Disgorgement
Disgorgement is a remedial enforcement tool by which SEBI orders a person or entity that has made gains through illegal or violative conduct in the securities market to surrender those ill-gotten profits to the regulator, with the aim of eliminating the financial incentive for regulatory violations.
Disgorgement is fundamentally different from a penalty: while a penalty is punitive in character and is intended to punish wrongdoing, disgorgement is restitutionary — it seeks to restore the parties to the position they would have been in had the violation not occurred, by stripping the violator of the profit made. In Indian securities law, SEBI's power to order disgorgement is derived from Section 11B of the SEBI Act 1992, which gives SEBI broad remedial powers to protect investors and the integrity of the market.
The Supreme Court of India affirmed SEBI's power to direct disgorgement in the SEBI vs. Rajiv B. Gandhi case and in the Bhavesh Pabari case, holding that the recovery of illegally obtained gains is consistent with SEBI's statutory mandate even in the absence of an explicit disgorgement provision in the SEBI Act. The court noted that allowing violators to retain profits would make enforcement actions ineffective and that Section 11B empowers a wide range of remedial orders.
In practice, SEBI calculates disgorgement amounts based on the profit actually made from the violative trades. In insider trading cases, this typically means the difference between the purchase price (or sale price for short-sellers) and the price that prevailed after the unpublished price-sensitive information became public. In pump-and-dump or market manipulation cases, SEBI traces the price artificially induced by the manipulative activity and computes the differential gain of the manipulator.

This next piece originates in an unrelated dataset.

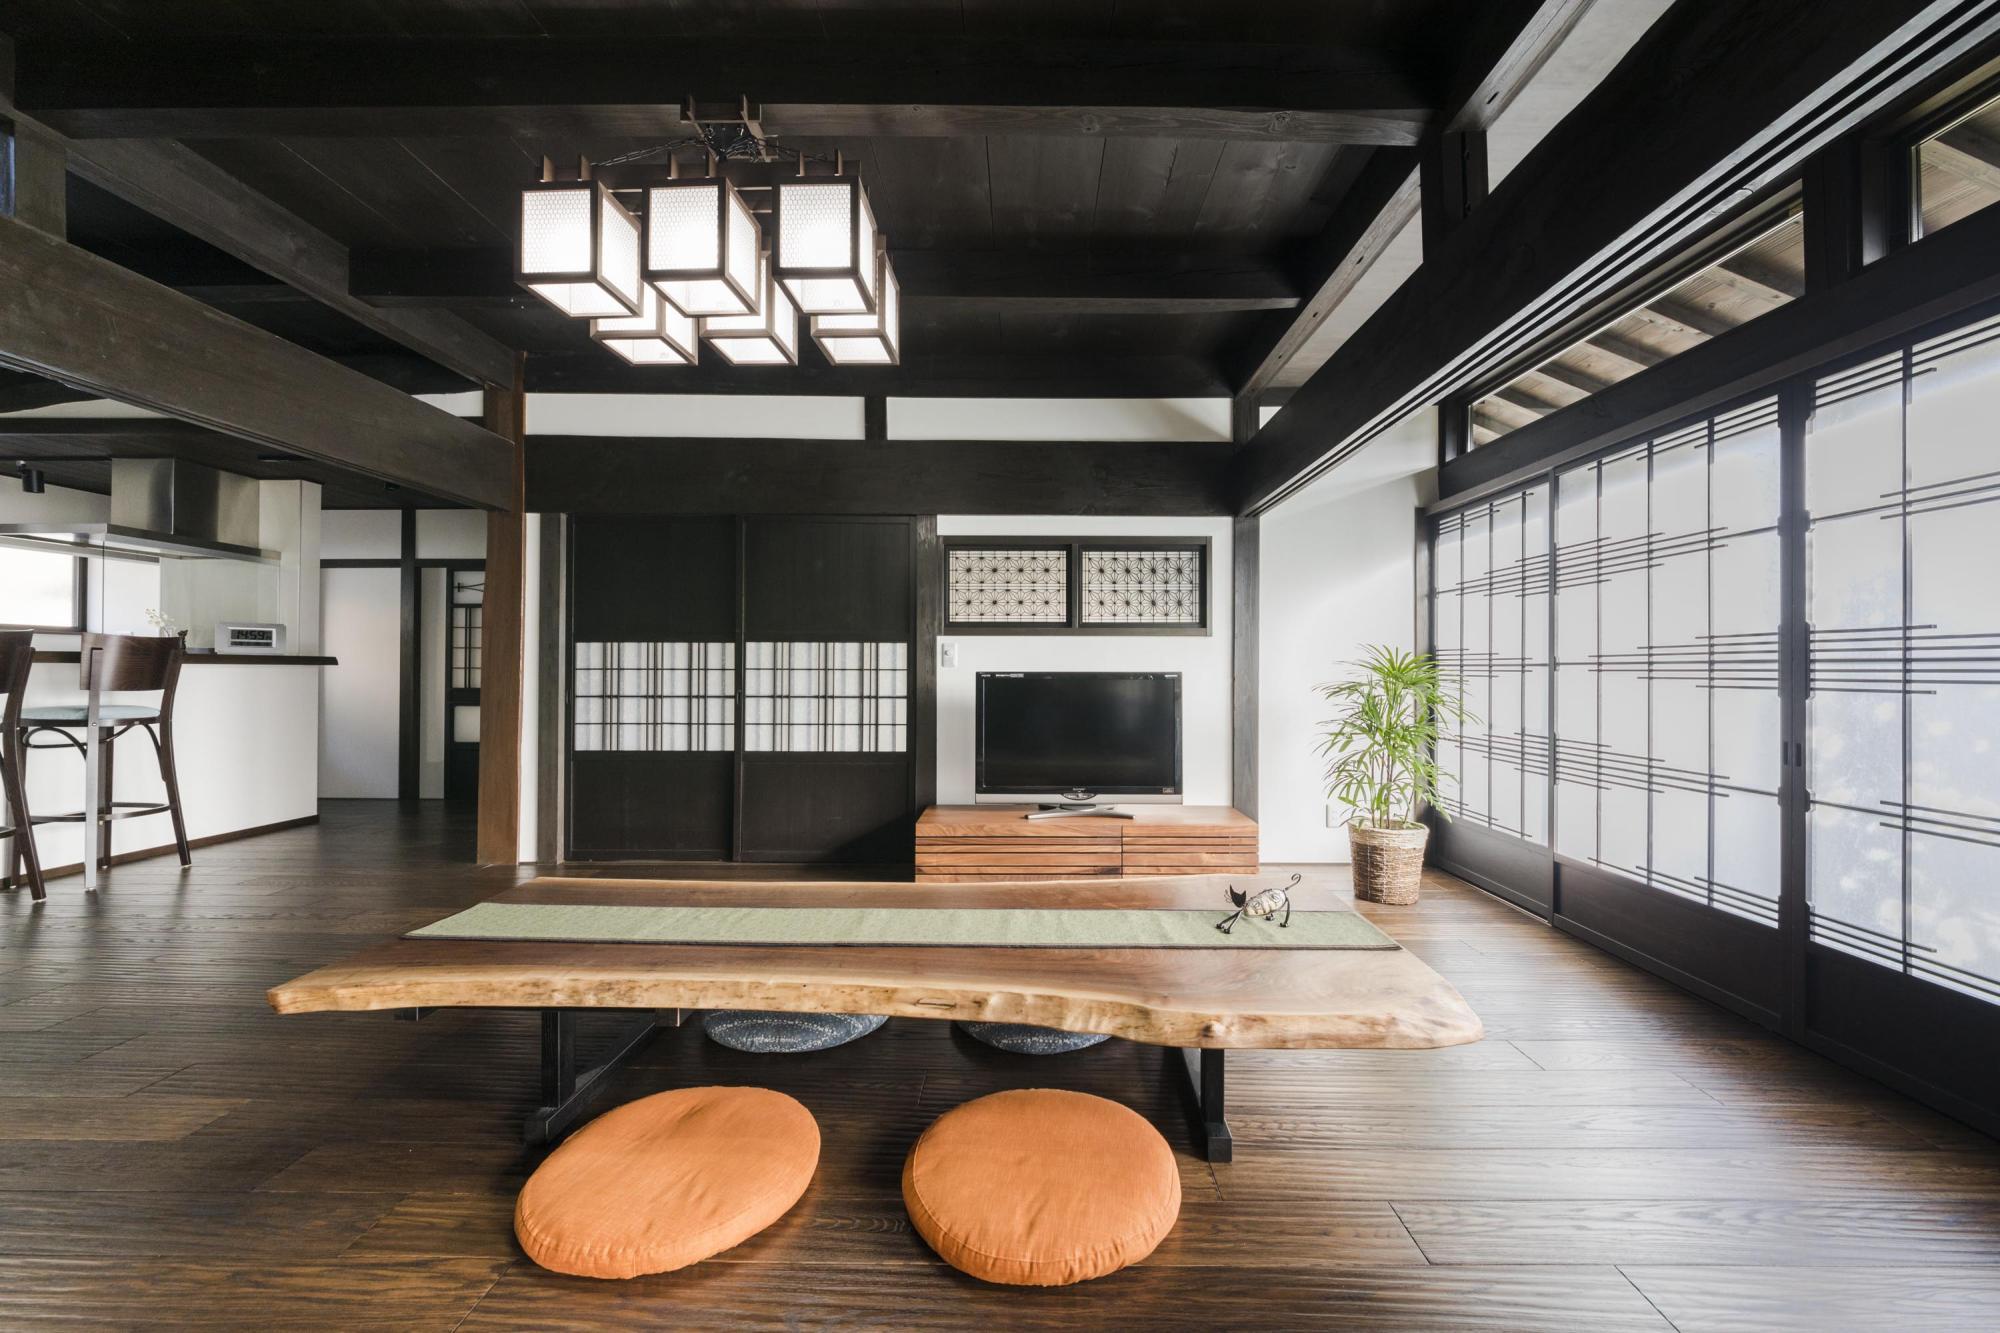 梁を現わしにしたリビングは和室だった部分をオーク材のなぐり調仕上げの板の間とした。壁面は温かさを感じる自然素材の珪藻土に。引き戸などの建具は既存のものを採用した。

Disgorgement amounts are credited to SEBI's Investor Protection and Education Fund (IPEF) or directed towards compensation of affected investors where identifiable. In the Saradha collective investment scheme case and the Sahara OFCD case, disgorgement-linked restitution mechanisms were used to attempt repayment to large numbers of retail investors. Interest is typically charged on disgorged amounts from the date of the violative transaction to the date of actual payment, at the rate of 12% per annum.
SEBI has increasingly used disgorgement alongside other enforcement tools — the combination of disgorgement, debarment, and monetary penalty is designed to be comprehensively deterrent.